# Web Scraper 2
***
This web scraper is designed to scrape web content where the content is both static and dynamic (generated by Javascrpt) or more specifically, where parts of the content (user comments) are managed by disqus.com.

As an improvement to version 1, this version can loop through a set of url thus avoiding manual repetition.

Prerequisites:
- install selenium (pip install selenium)
- install BeautifulSoup (pip install BeautifulSoup4)
- download and install Chrome web browser
***

### Import the required libraries

In [1]:
from selenium import webdriver
from selenium.webdriver.chrome.service import Service
from selenium.webdriver.chrome.options import Options
from bs4 import BeautifulSoup
import json
import csv
import os.path
import time

from web_scraper_functions import *  

### Set up the web driver

In [2]:
# Input for selenium (for making http requests)
driver_path = './chromedriver'
s = Service(driver_path)
options = Options()
options.headless = False
browser = webdriver.Chrome(service=s, options=options)

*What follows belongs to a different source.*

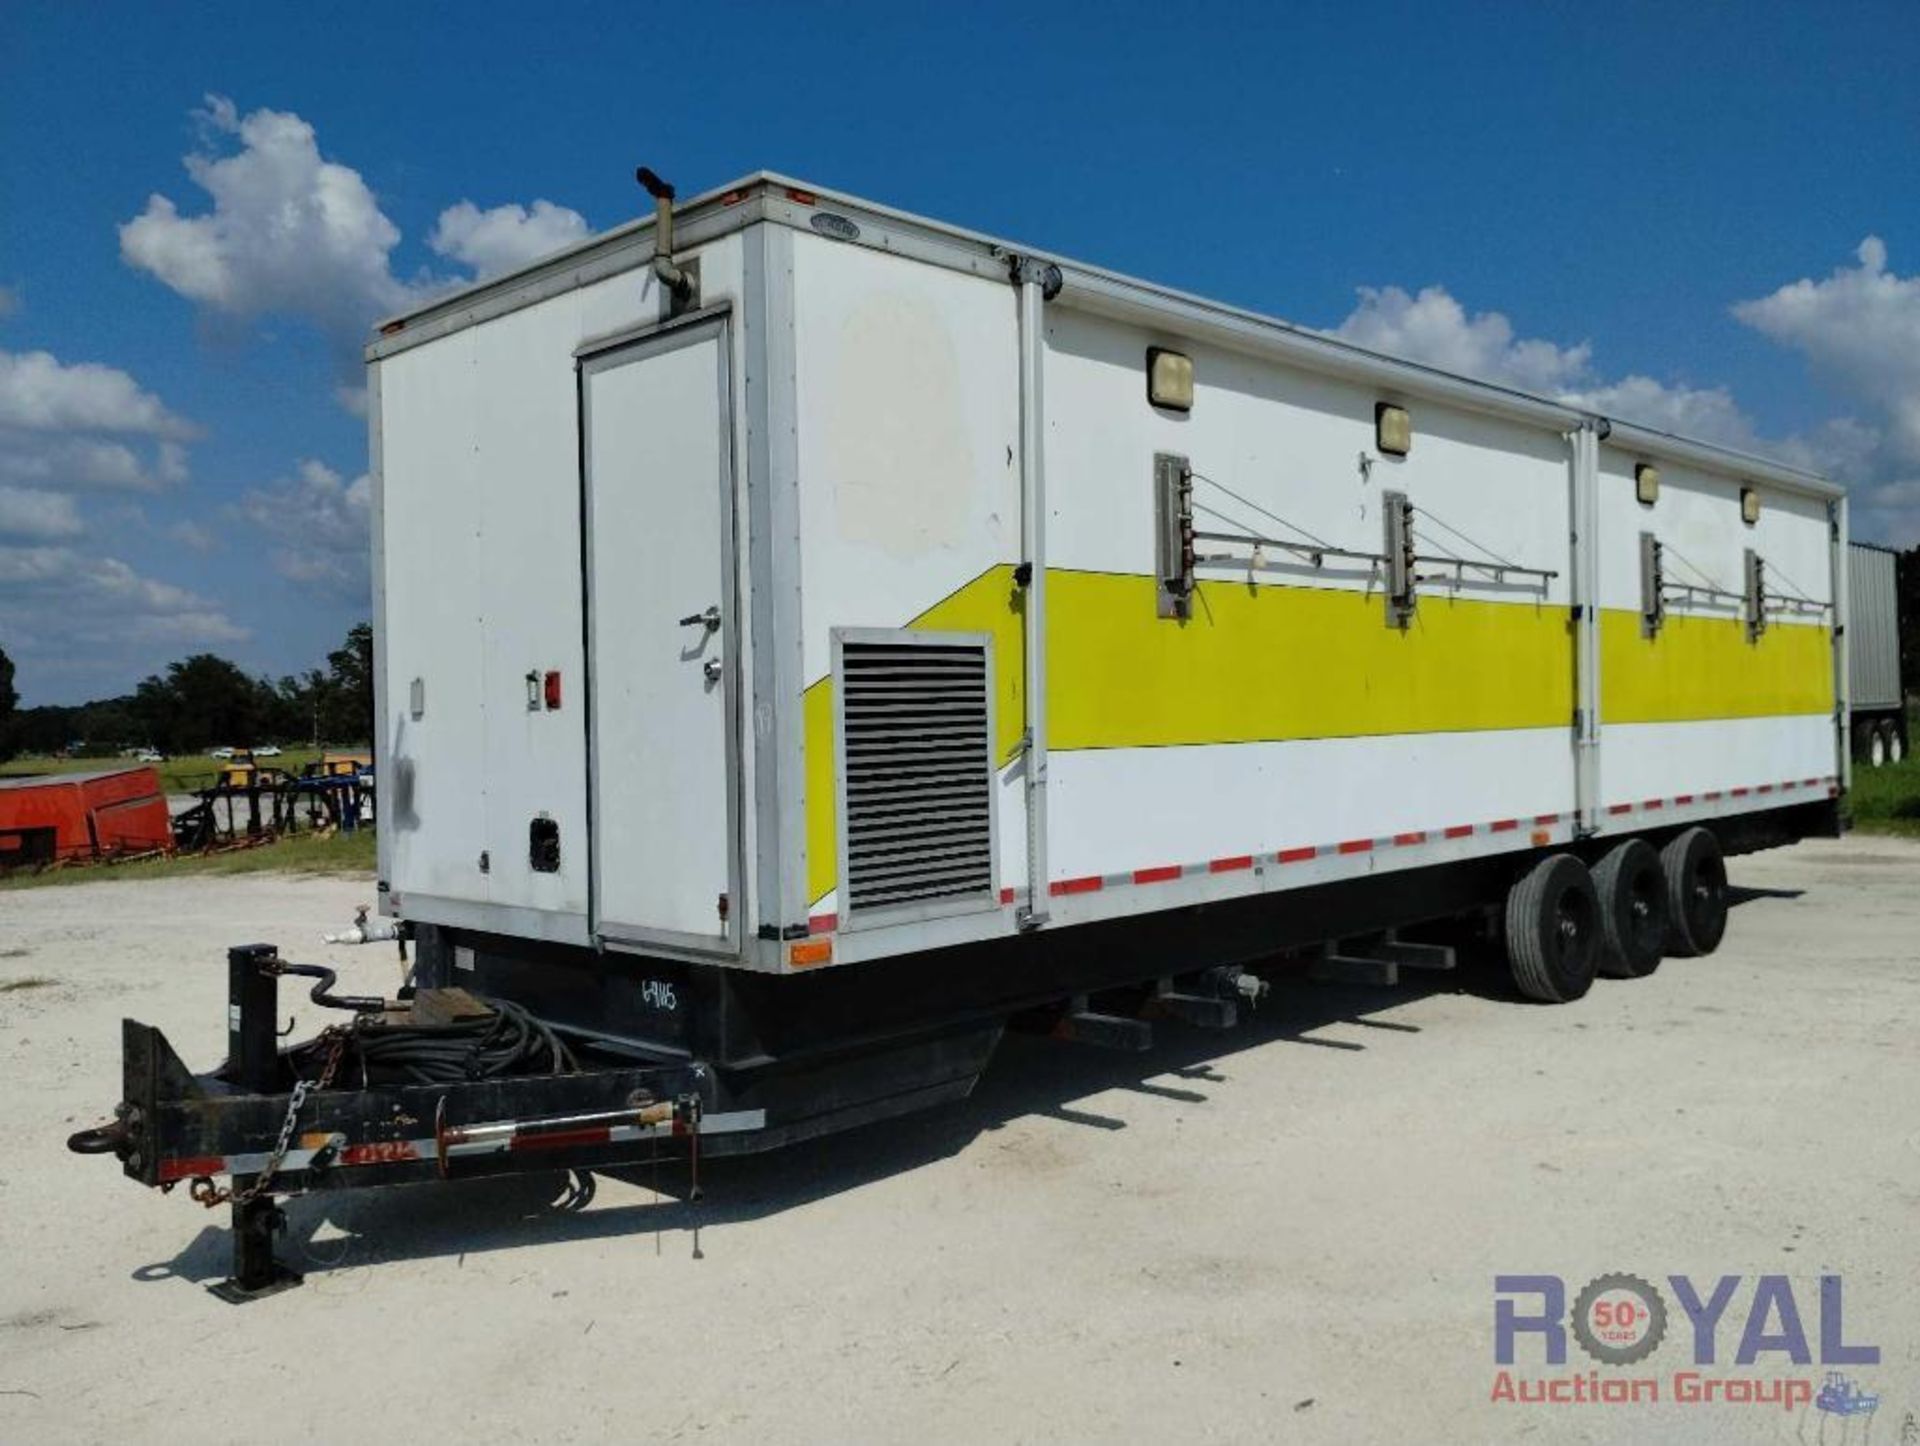 Fire/Rescue Portable Bathroom and Shower Trailer - Image 2 of 50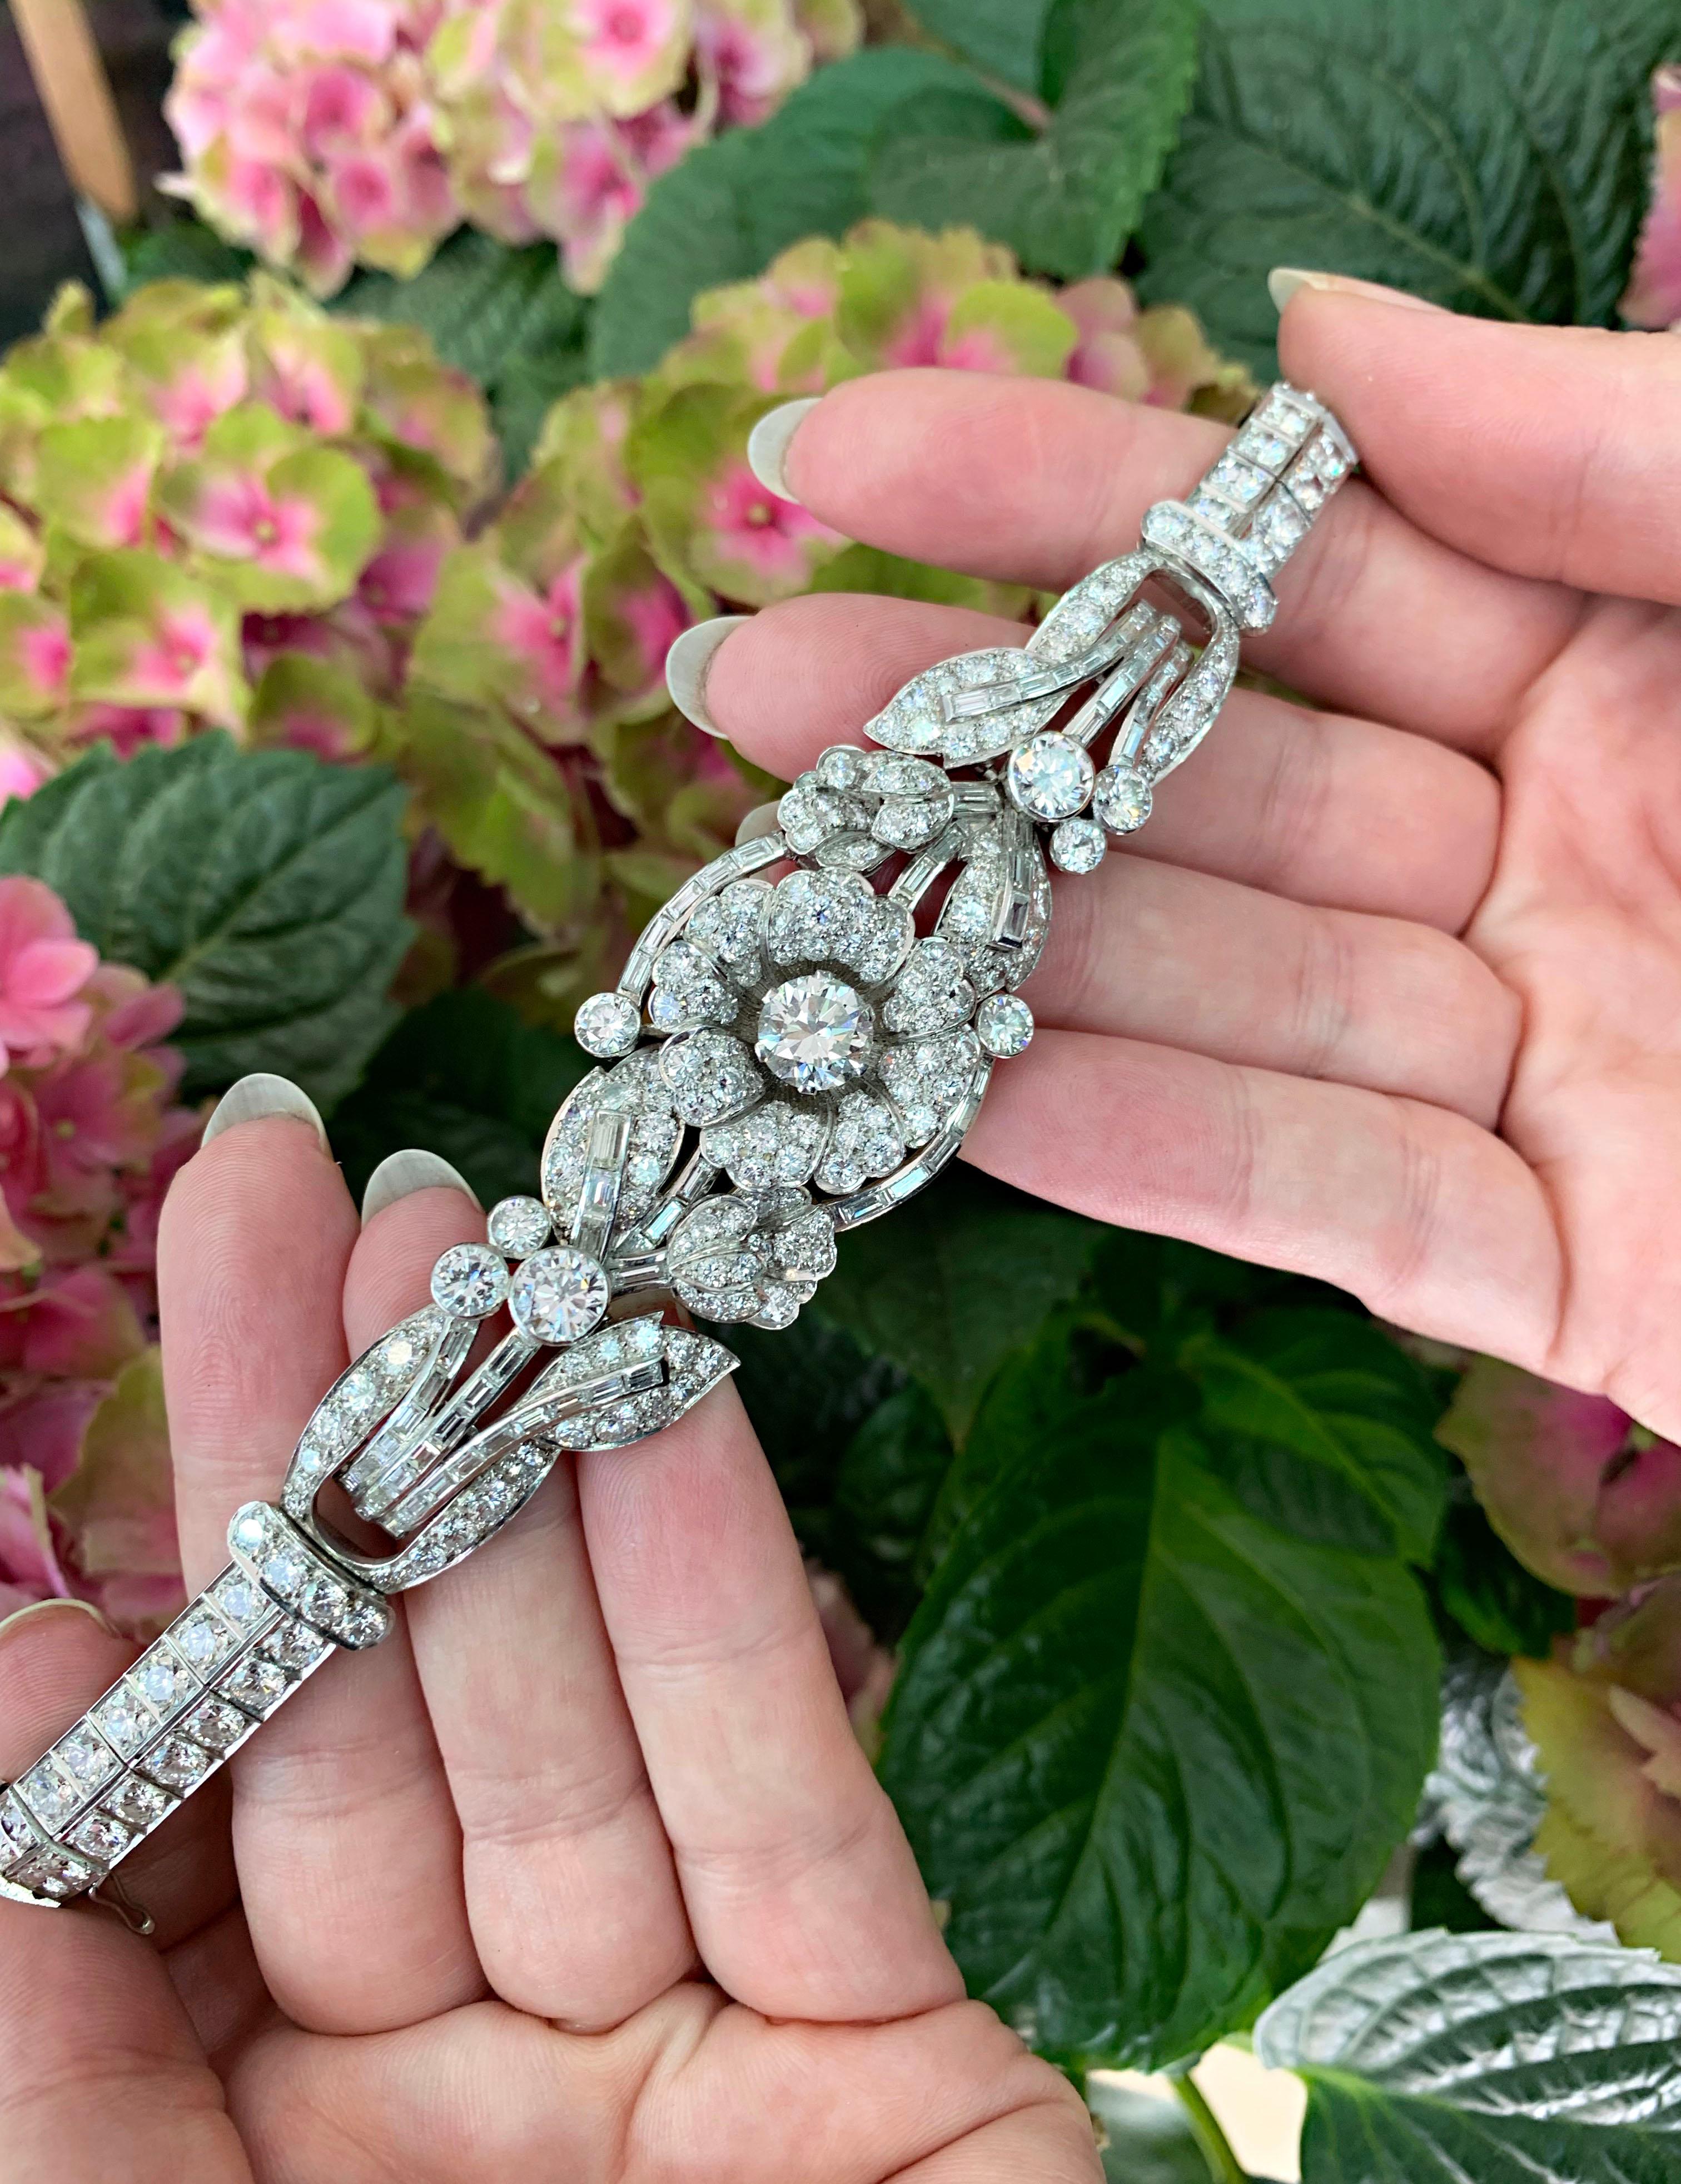 Exceptional all diamond art deco inspired bracelet set with brilliant cut diamonds and baguette cut diamonds with an approximate total weight of 20.00 carats. This exquisite sectional bracelet has an openwork floral design, set with a fine quality

### Set up the URLs of the web pages

In [3]:
# URLs of the web pages for scraping
urls = [
    'https://teslamag.de/news/supercharger-limburg-tesla-karte-geoffnet-fremde-elektroautos-49280', 
    'https://teslamag.de/news/test-niederlande-tesla-oeffnet-erste-zehn-supercharger-fremde-elektroautos-42542', 
    'https://teslamag.de/news/fremde-elektroautos-supercharger-vw-id3-problemlos-audi-fahrer-ueberzeugt-42649',
    'https://teslamag.de/news/kreativ-supercharger-tesla-andere-elektroauto-fahrer-loesungen-teilen-49209'
]

### Scrape!

In [4]:
csv_file_path = './comments.csv'
new_file = False
if not os.path.exists('./comments.csv'):
    new_file = True

count = 0 
with open(csv_file_path, 'a', encoding='UTF8') as f:
    writer = csv.writer(f)
    if new_file:
        header = ['article', 'comment', 'created', 'likes', 'dislikes']
        writer.writerow(header)
    
    for url in urls:
        count += 1
        print(str(count) + '.', url)
        #time.sleep(5)
        # Open the url in Chrome browser
        browser.get(url)
        time.sleep(10)
        # Get the page in html
        page_html = browser.page_source
        # Parse the html source
        soup = BeautifulSoup(page_html, "html.parser")
        # Get the Disqus thread (comments thread)
        disqus = soup.find_all('div', id='disqus_thread')
        #print(disqus)
        post_js_url = disqus[0].find('iframe').attrs['src']
        # Get and parse the posts from disqus javascript
        browser.get(post_js_url)
        post_html = browser.page_source
        soup2 = BeautifulSoup(post_html, "html.parser")
        # Get the thread data from the script tag & convert it into a dictionary
        thread_data = soup2.find('script', id='disqus-threadData')
        posts = json.loads(thread_data.string)
        thread = { 'title': soup.title.text, 'posts': posts['response']['posts']}
        title = thread['title']
        posts = thread['posts']
        for post in posts:
            writer.writerow([title, post['raw_message'], post['createdAt'], post['likes'], post['dislikes']])
        print('')
        time.sleep(1)
print('Mission accomplished!\n')

1.  https://teslamag.de/news/supercharger-limburg-tesla-karte-geoffnet-fremde-elektroautos-49280

2.  https://teslamag.de/news/test-niederlande-tesla-oeffnet-erste-zehn-supercharger-fremde-elektroautos-42542

3.  https://teslamag.de/news/fremde-elektroautos-supercharger-vw-id3-problemlos-audi-fahrer-ueberzeugt-42649

4.  https://teslamag.de/news/kreativ-supercharger-tesla-andere-elektroauto-fahrer-loesungen-teilen-49209

Mission accomplished!